TGIAF aka thank God it’s almost Friday! This fresh, healthy and delicious Hawaiian shrimp bowl has been getting me through the week. The dish is super easy to make and full of flavor!
Hawaiian bowl w. garlic lemon butter shrimp & pineapple
- Shrimp recipe:
- ½ - ¾ lb. raw tail-on shrimp, shelled and de-veined
- ¼ cup olive oil
- 2 lemons, juiced, divided
- 5-6 cloves garlic, minced
- 2 tbsp. fresh parsley, chopped, plus more for garnish
- 1 tbsp. flour
- ½ tsp. cayenne
- ½ tsp. ground black pepper
- 7 tbsp. unsalted butter
- 1 tsp. pepper
- ½ tsp. lemon zest
- Hawaiian bowl recipe:
- White basmati rice, cooked according to package instructions
- Fresh pineapple, sliced
- Lemon wedges, for garnish
- Add the shrimp to a gallon size Ziplock bag or medium size bowl. Add the olive oil, juice of 1 lemon, chopped garlic, 1 tbsp. fresh parsley, flour, cayenne pepper and pepper. Toss well to combine, then seal the bag or cover the bowl and place in the fridge for 1 hour, up to 24 hours.

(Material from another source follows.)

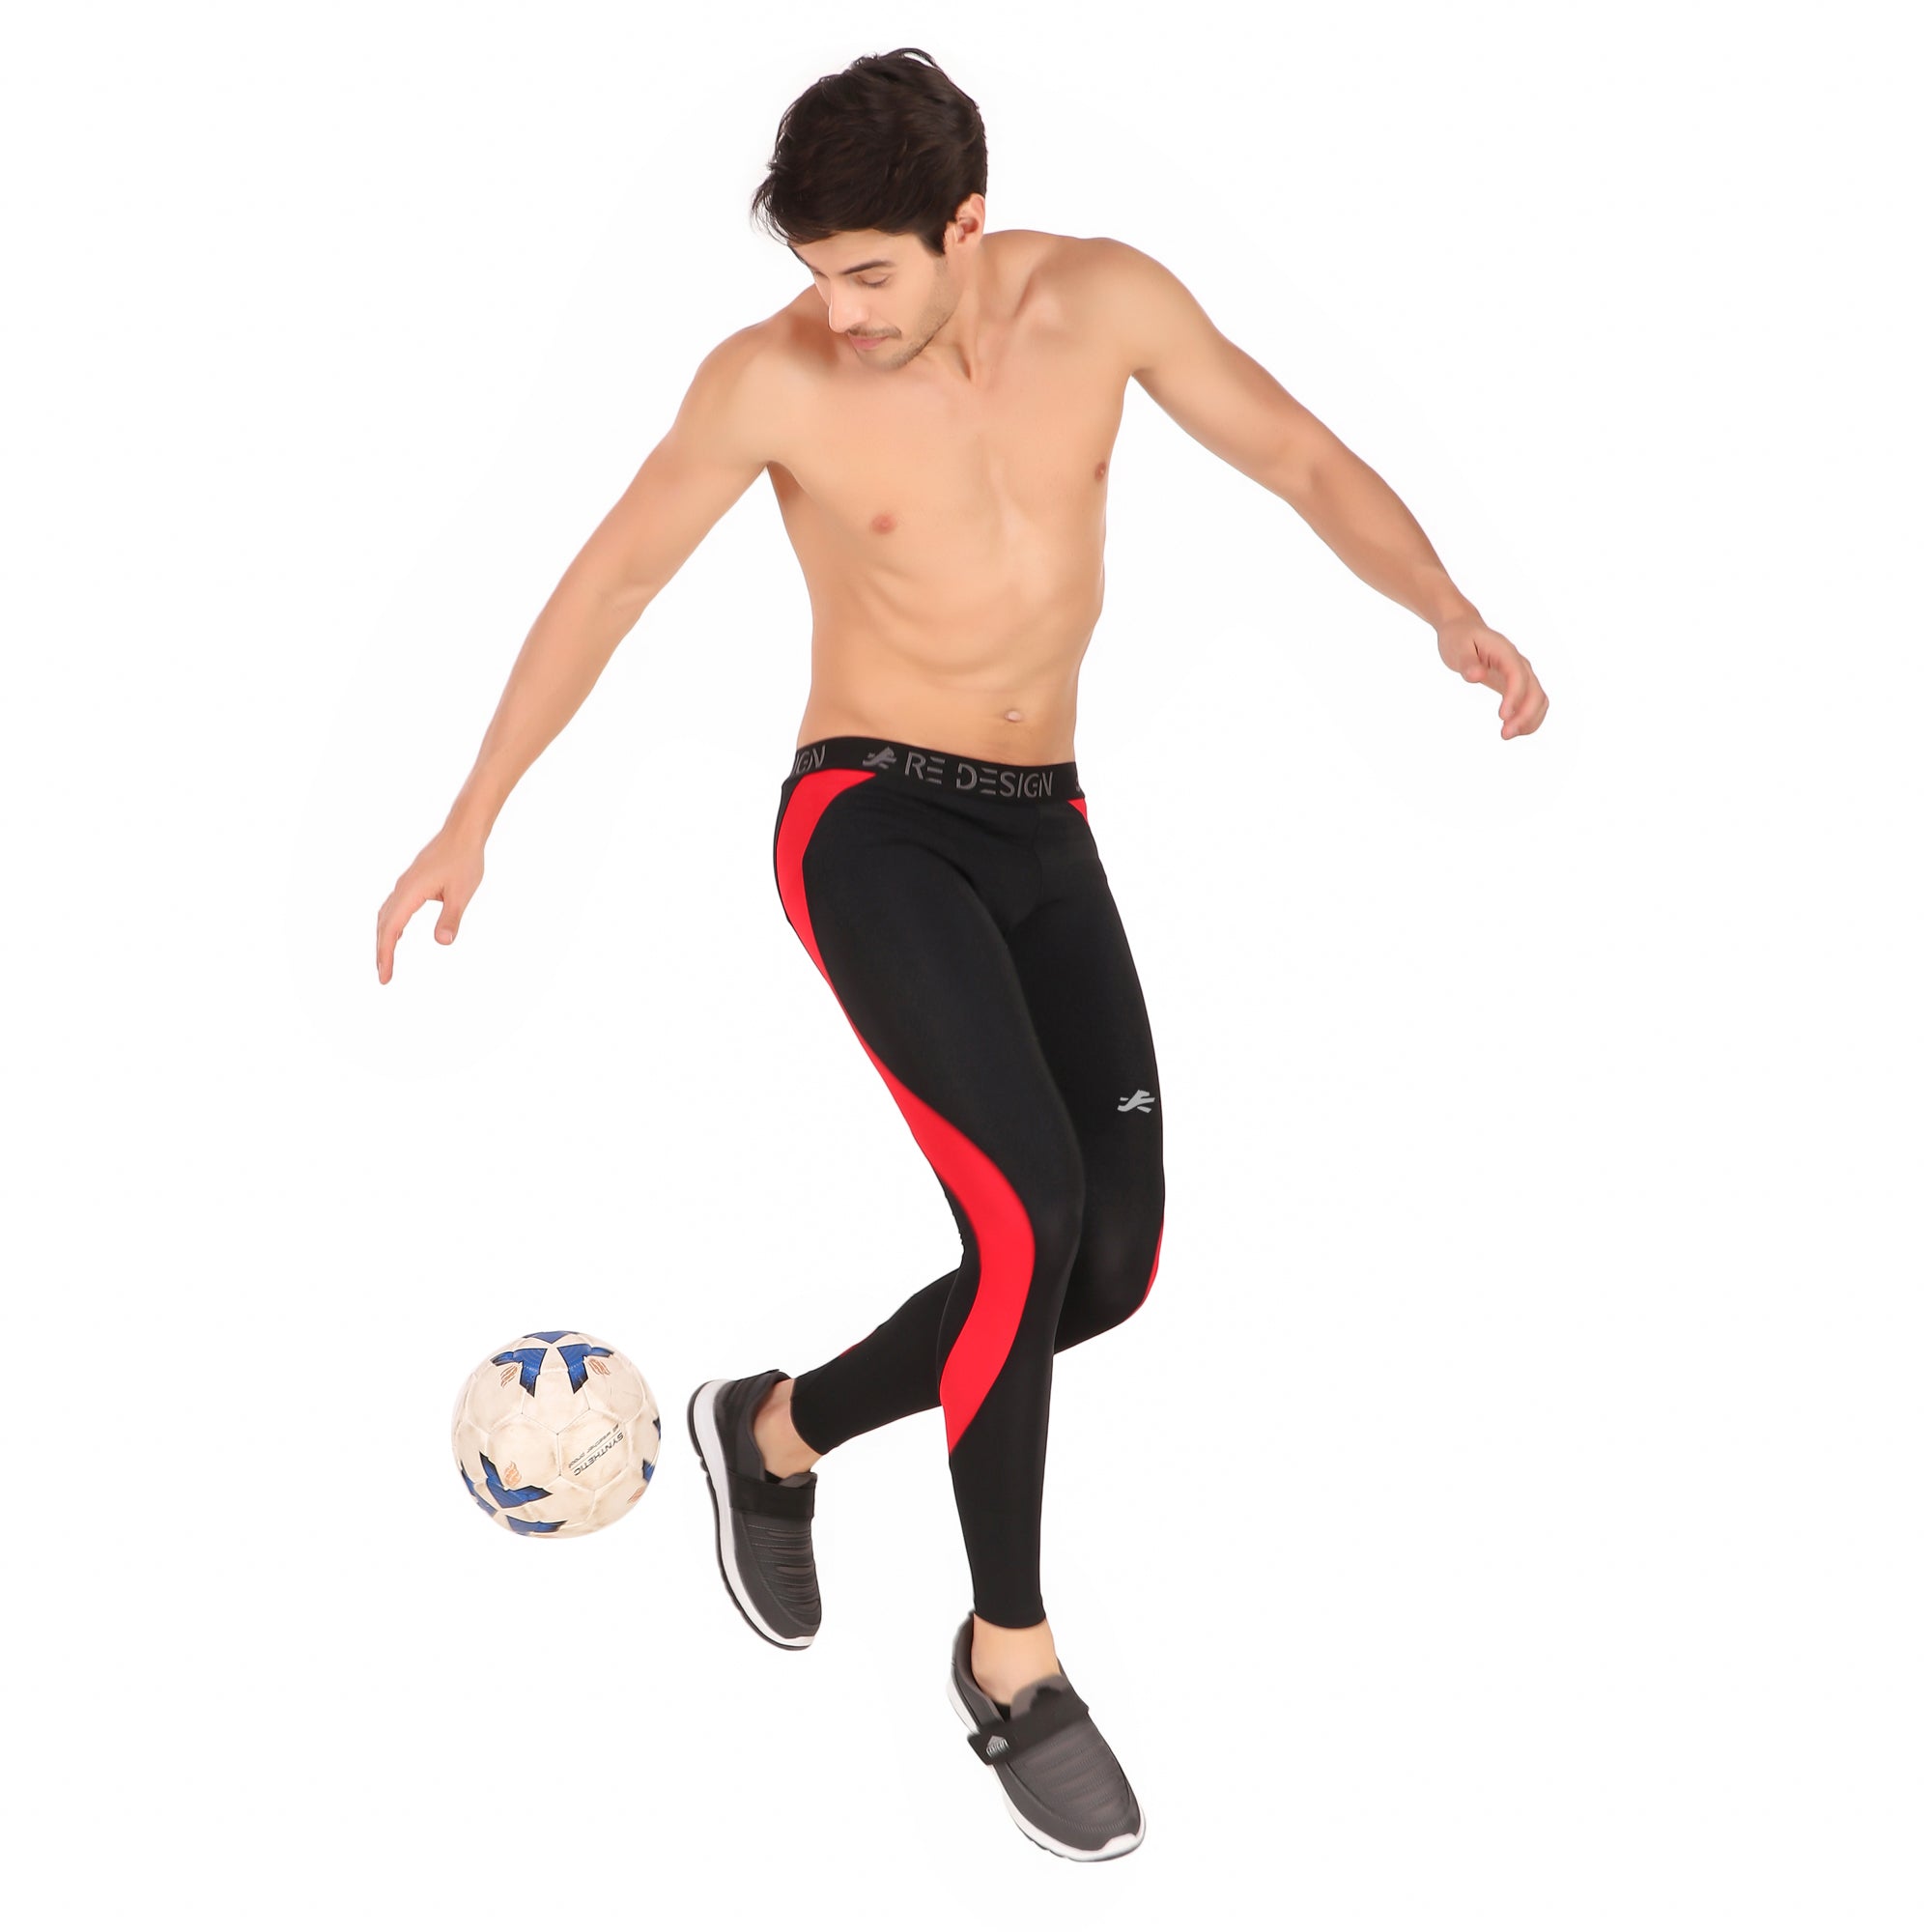 Nylon Compression Pant and Full Tights For Men (BLACK/RED)

- Heat a large skillet over medium heat. Once hot, use a slotted spoon to scoop the shrimp out of the marinade and into the hot skillet; season with salt and pepper. Make sure to scoop up all the garlic. Saute the shrimp until pink, about 2-3 minutes per side.
- Remove the shrimp from the pan leaving the garlic in the skillet. Add the salted butter and 1 tsp. pepper to the skillet. Cook the garlic in the butter until it begins to caramelize and turn golden brown.
- Remove from the heat and stir in 1 tbsp. chopped parsley, the juice of ½ a lemon and zest.
- Drizzle with the warm garlic butter over the shrimp and serve alongside rice, fresh pineapple and lemon wedges. Garnish with fresh chopped parsley.
Recipe adapted from Half Baked Harvest.